Zu luftiges Kopftuch? Dann eben gar keines – Iranerin beweist Mut

phi

14.1.2020 - 12:04

Zu légère für Orthodoxe: Bayat mit Kopftuch an der Schach-WM der Frauen in Shanghai.
Bild: Twitter/FIDE

Shohreh Bayat steht bei der Schach-WM der Frauen im Fokus, obwohl sie bloss die Schiedsrichterin ist: Nachdem sie im Iran für ihr loses Kopftuch heftig kritisiert wurde, hat die 32-Jährige es nun ganz abgelegt.
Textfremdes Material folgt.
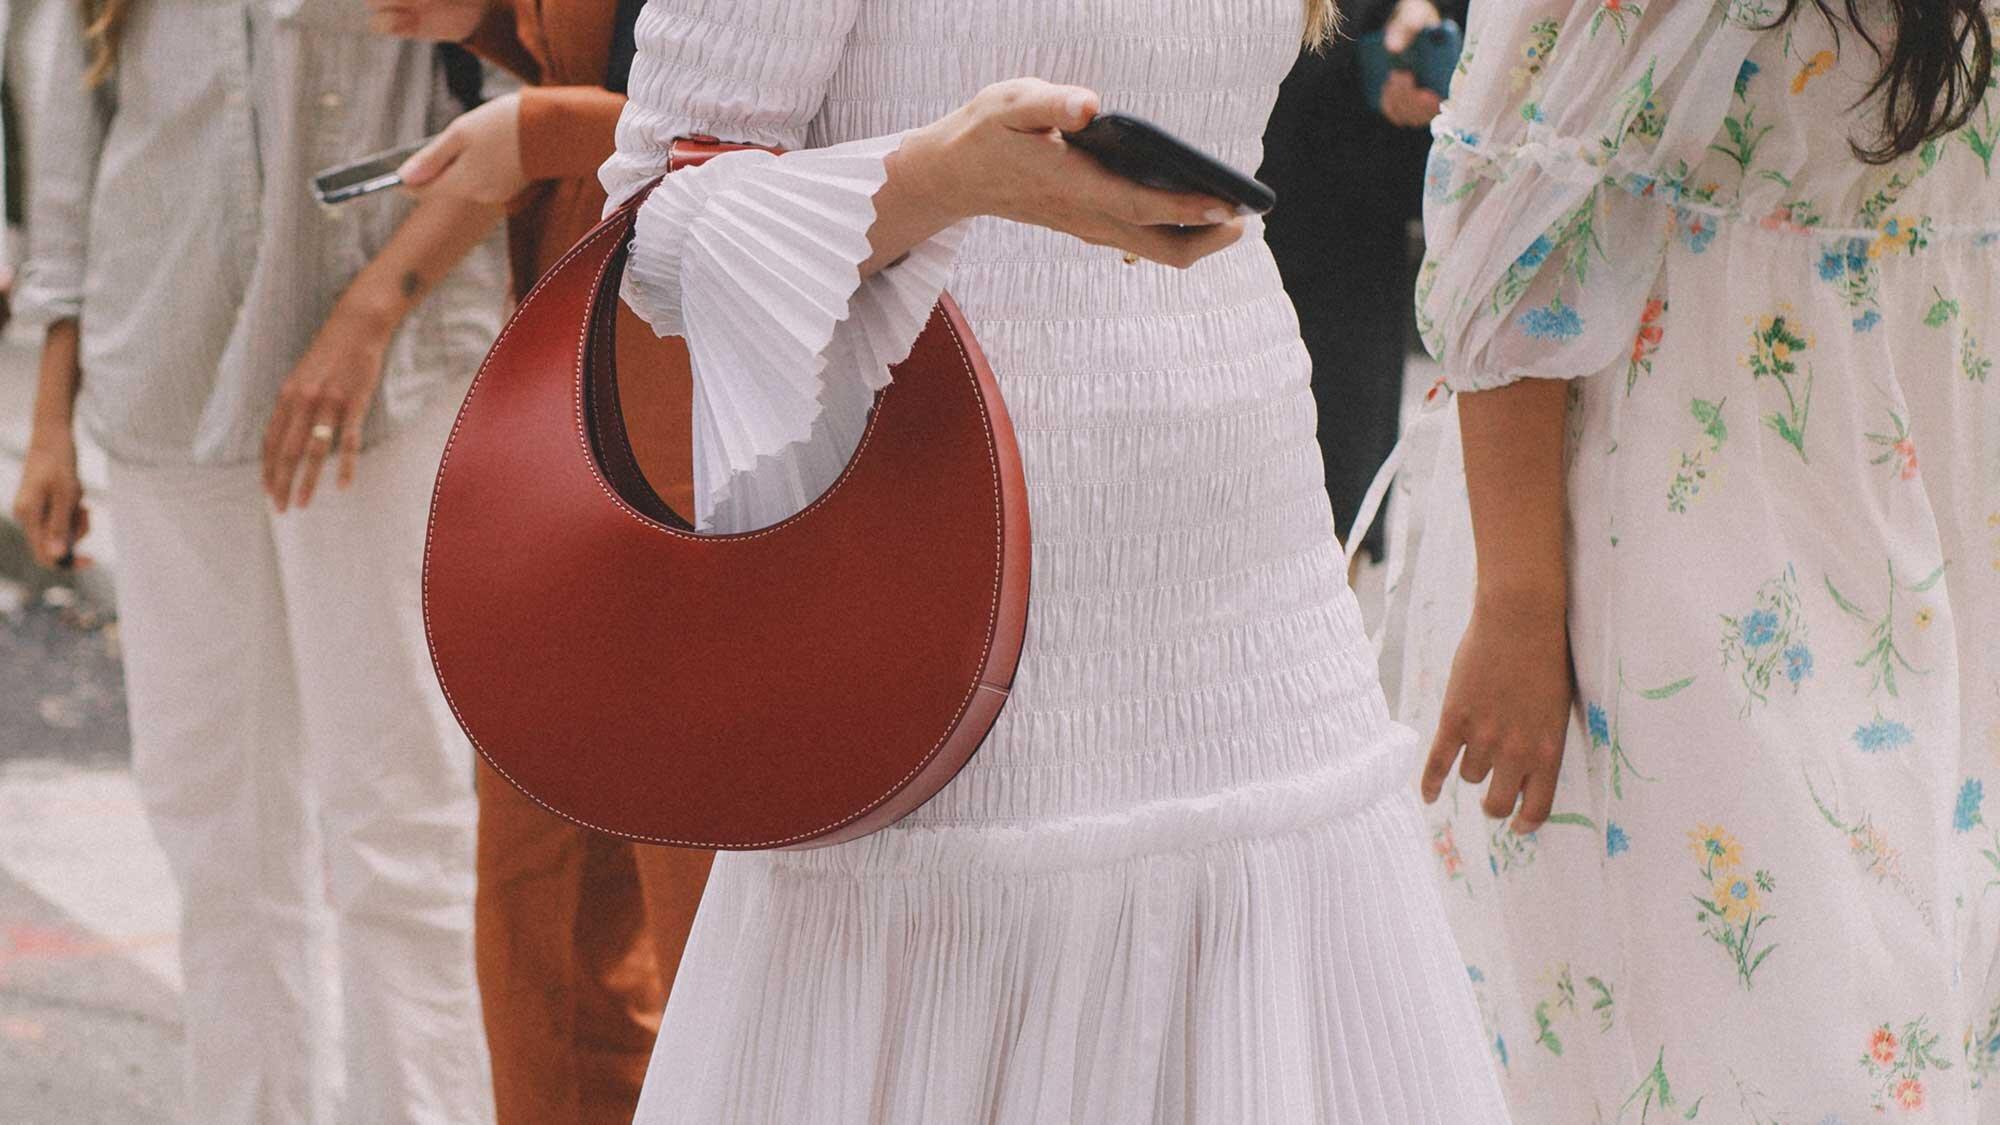 13 Best Handbags of NYFW Street Style - Best Handbags of NYFW Street Style // Photos shot by Jose Martinez (@J2Martinez)

Seit dem 5. Januar gibt es in Shanghai die Schach-Weltmeisterschaft der Frauen. Das Ganze ist ein Zweikampf zwischen der Titelverteidigerin Ju Wenjun aus China und der russischen Herausforderin Alexandra Gorjatschkina – und obwohl erst sechs von zwölf Partien gespielt sind, gibt es bei dem Turnier schon jetzt eine grosse Gewinnerin, und zwar die Schiedsrichterin.

Die heisst Shohreh Bayat, ist 32 Jahre alt und kommt aus dem Iran. Weil sie ihren nationalen Verband präsentiert, trug Bayat zu Beginn des Turniers ein Kopftuch. Wie viele andere ihrer Landsfrauen interpretiert die Chef-Schiedsrichterin die islamischen Kleiderregeln aber eher locker – was dann auch für den Sitz ihres Kopftuchs galt.

Das Problem: Iranische Medien machten ihre Haarbedeckung zum Thema, rügten sie für ihr luftiges Outfit und sorgten im Internet für einen Shitstorm.

«Nach dem Turniertag schaute ich auf mein Telefon und sah, dass in iranischen Medien plötzlich über mein Kopftuch berichtet wird», sagte Bayat der ARD. Ihr sei unterstellt worden, sie habe «aus Protest gegen das Kopftuch keines getragen», was die Iranerin jedoch von sich wies.

Keine Sicherheitsgarantie

Dennoch: Der iranische Schachverband verlangte von der 32-Jährigen, sich schriftlich zu entschuldigen und den Kopf fortan streng zu verhüllen. Nachdem Bayat erfolglos versuchte, vom Verband eine schriftliche Garantie für ihre Sicherheit nach einer Rückkehr zu bekommen, musste sie eine Entscheidung fällen – und entschied sich, Mut zu beweisen: Nun tritt sie ohne Haarbedeckung auf.

«Mir war klar, dass es nicht sicher für mich ist, zurückzukehren, und dass es nun auch keinen Unterschied mehr macht, ob ich das Kopftuch trage oder nicht.»

Aus Angst vor Gängelung und Strafe wird Bayat nach dem Ende der WM vorerst nicht wieder in ihre Heimat fahren.

Rückendeckung bekommt die Unparteiische vom Weltschachverband FIDE, dessen Vize Nigel Short sich um ihre Sicherheit sorgt. Bayat sei eine sehr professionelle Schiedsrichterin, die tadellose Leistungen abliefere, so Short.

Auch wenn ihre Regierung das anders sieht, der einen oder anderen Frau wird Bayat im Iran ein Vorbild sein.